(Data excerpt)
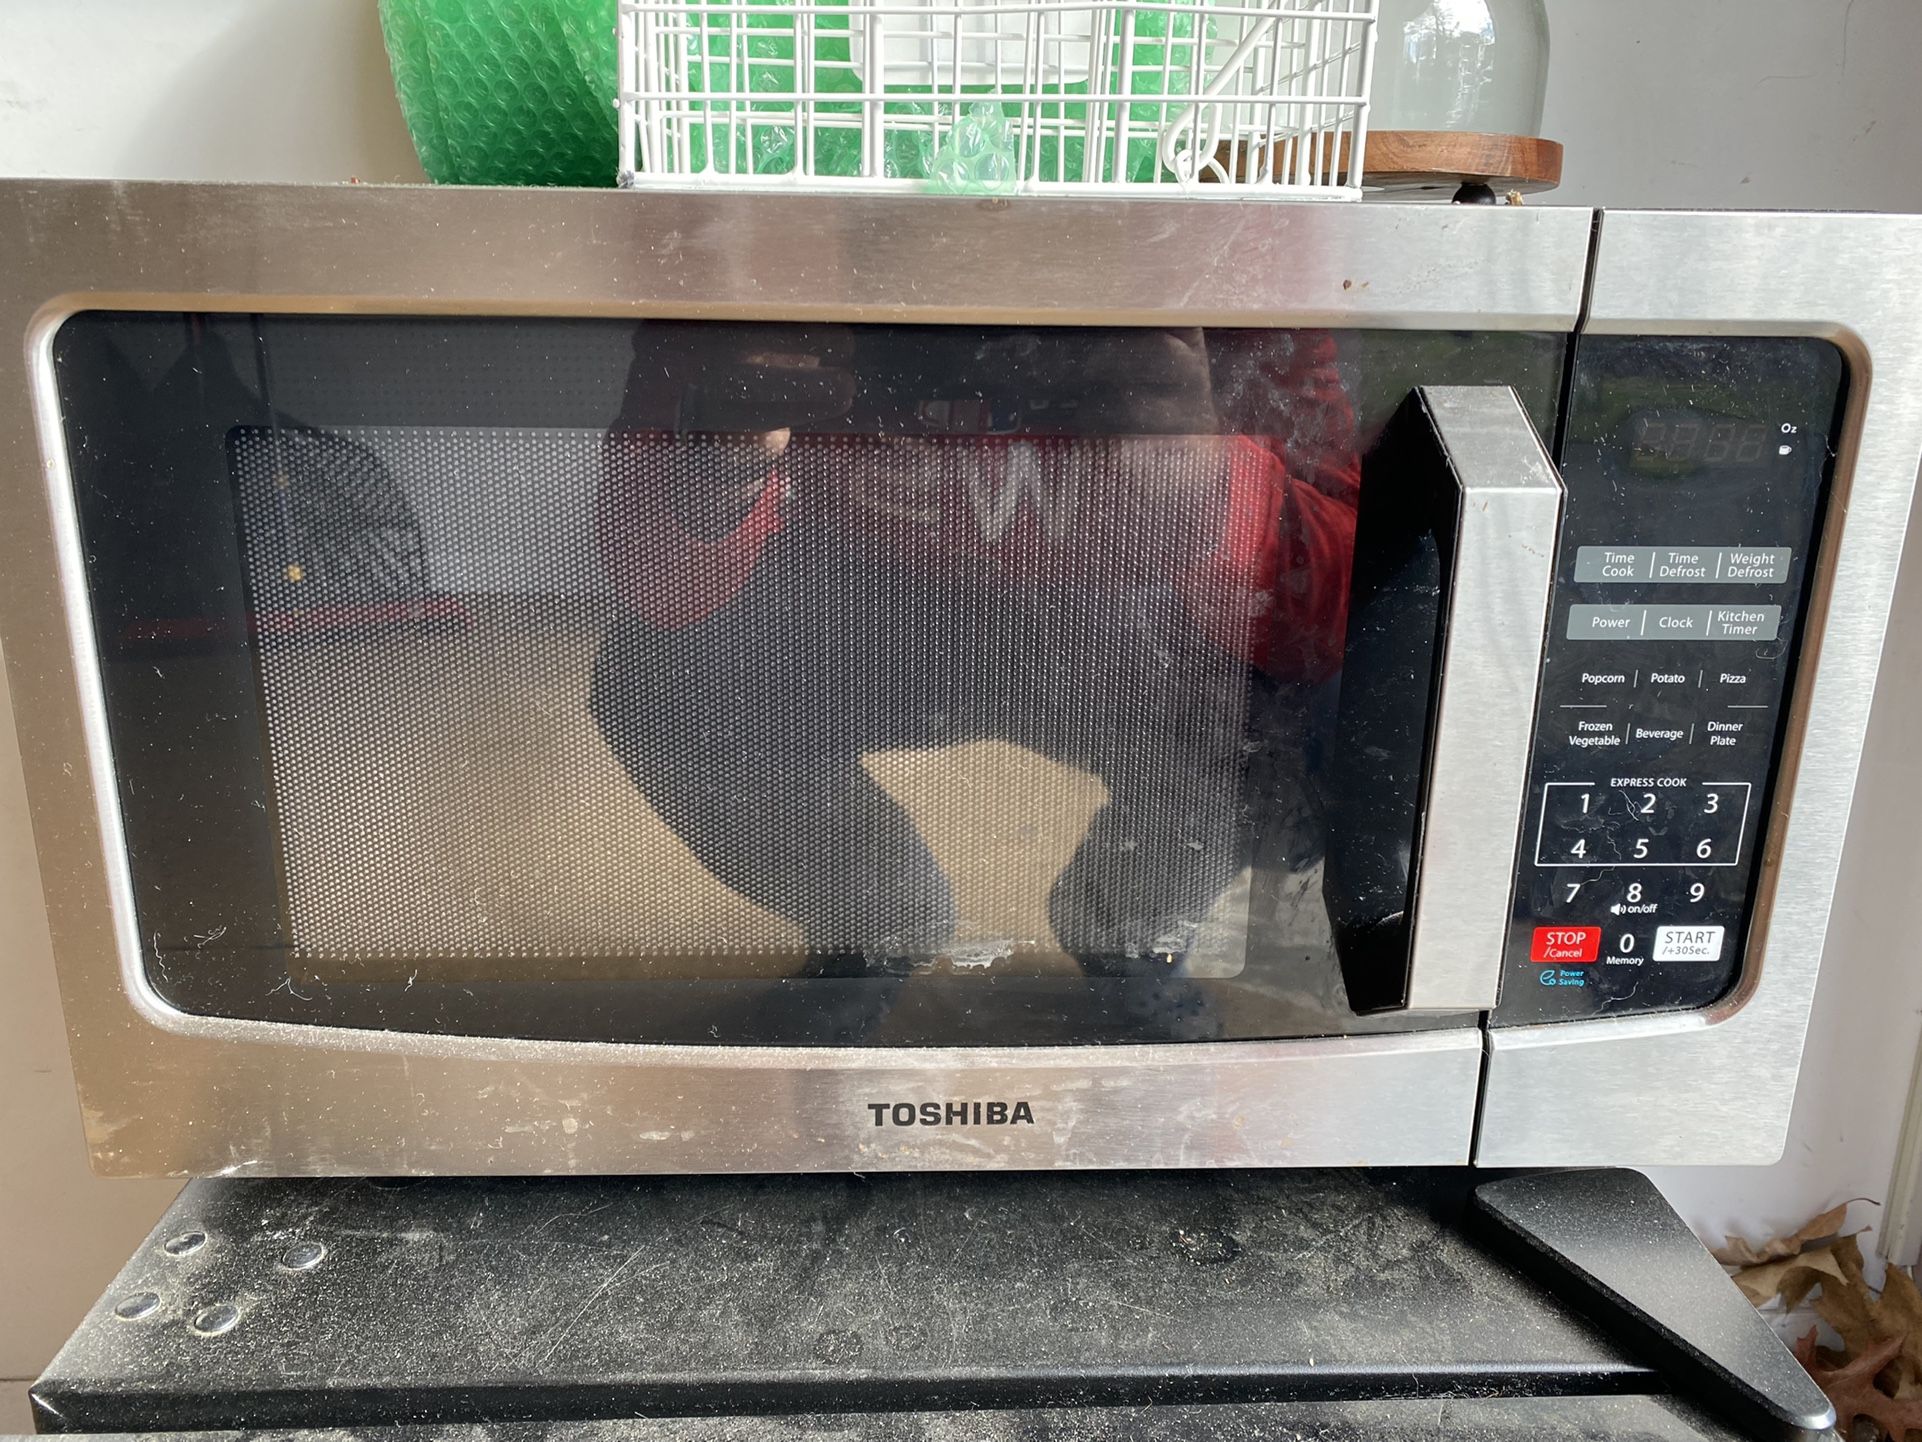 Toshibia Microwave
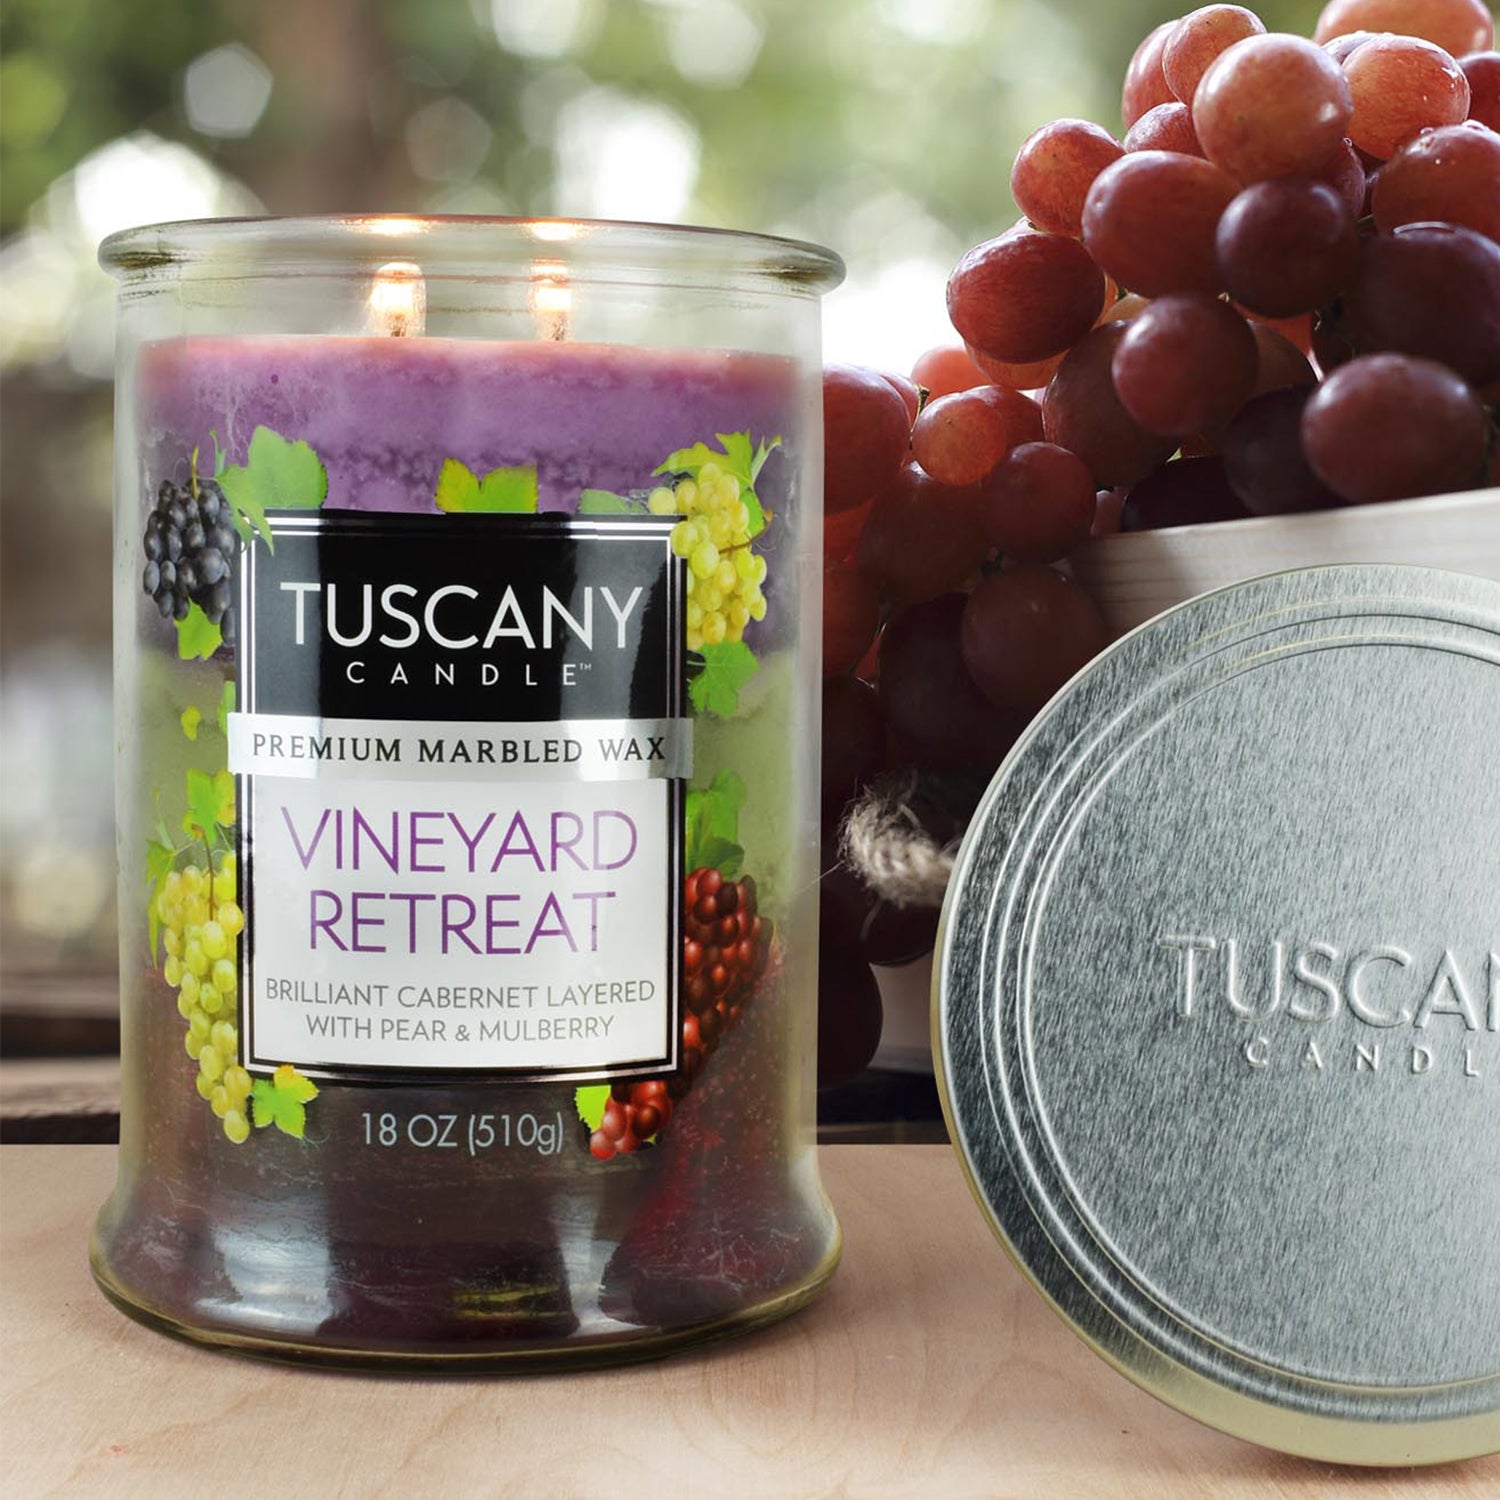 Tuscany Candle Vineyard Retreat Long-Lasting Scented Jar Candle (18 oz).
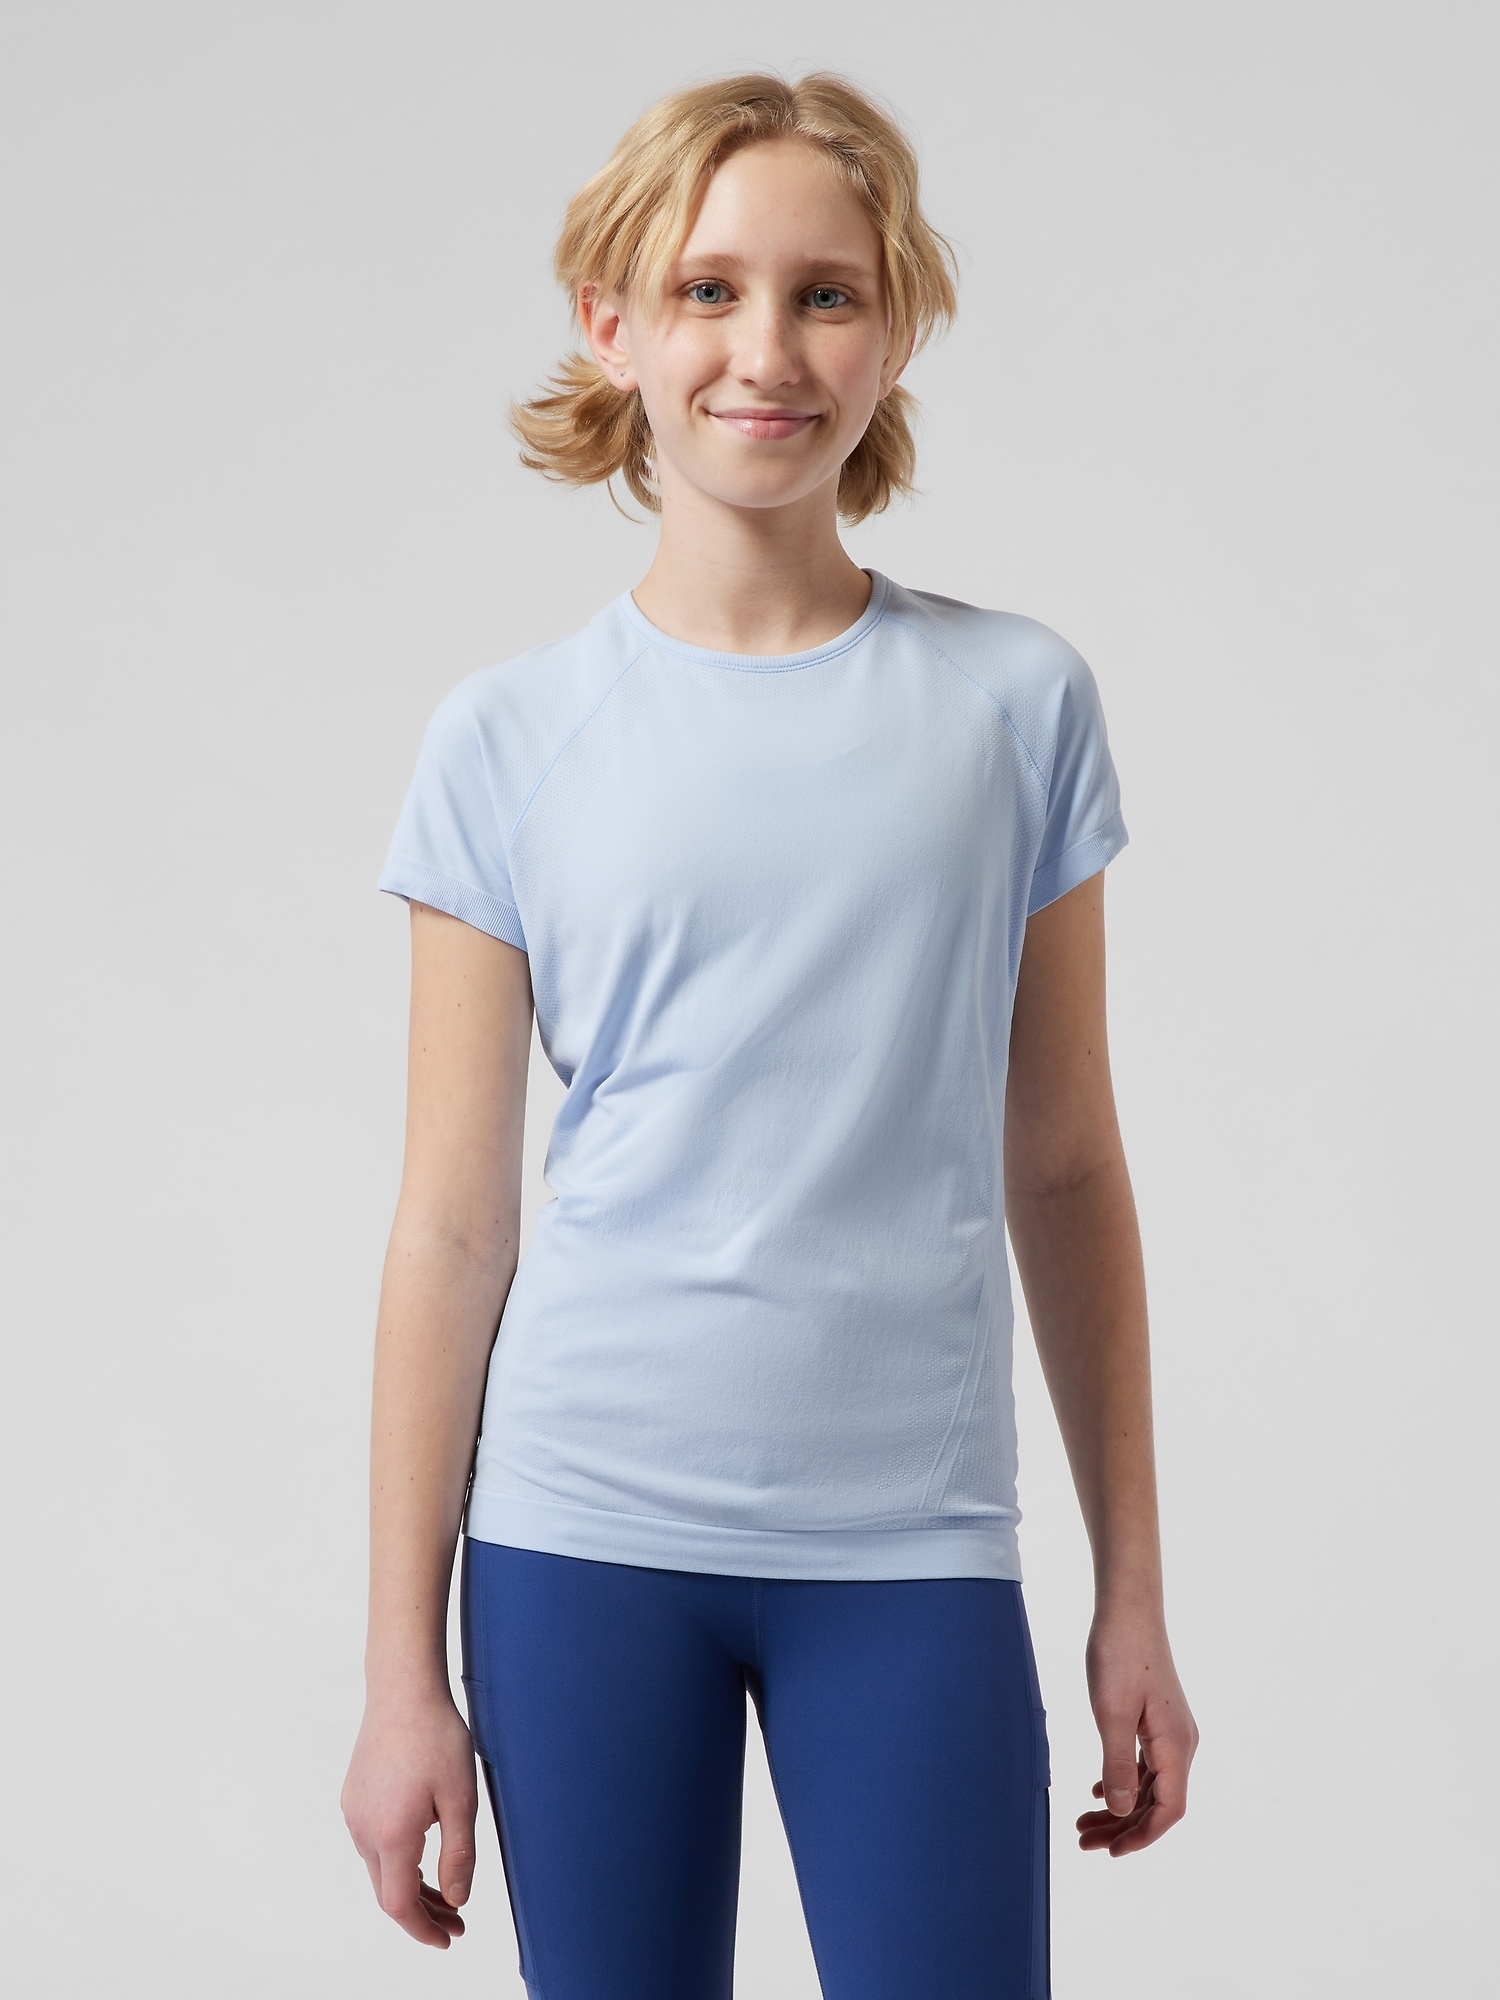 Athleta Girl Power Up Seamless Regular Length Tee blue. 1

(Task goal)
Once the pictures are removed, copy the listing exactly.

(Answer box)
 Toshibia Microwave
 Tuscany Candle Vineyard Retreat Long-Lasting Scented Jar Candle (18 oz).
 Athleta Girl Power Up Seamless Regular Length Tee blue. 1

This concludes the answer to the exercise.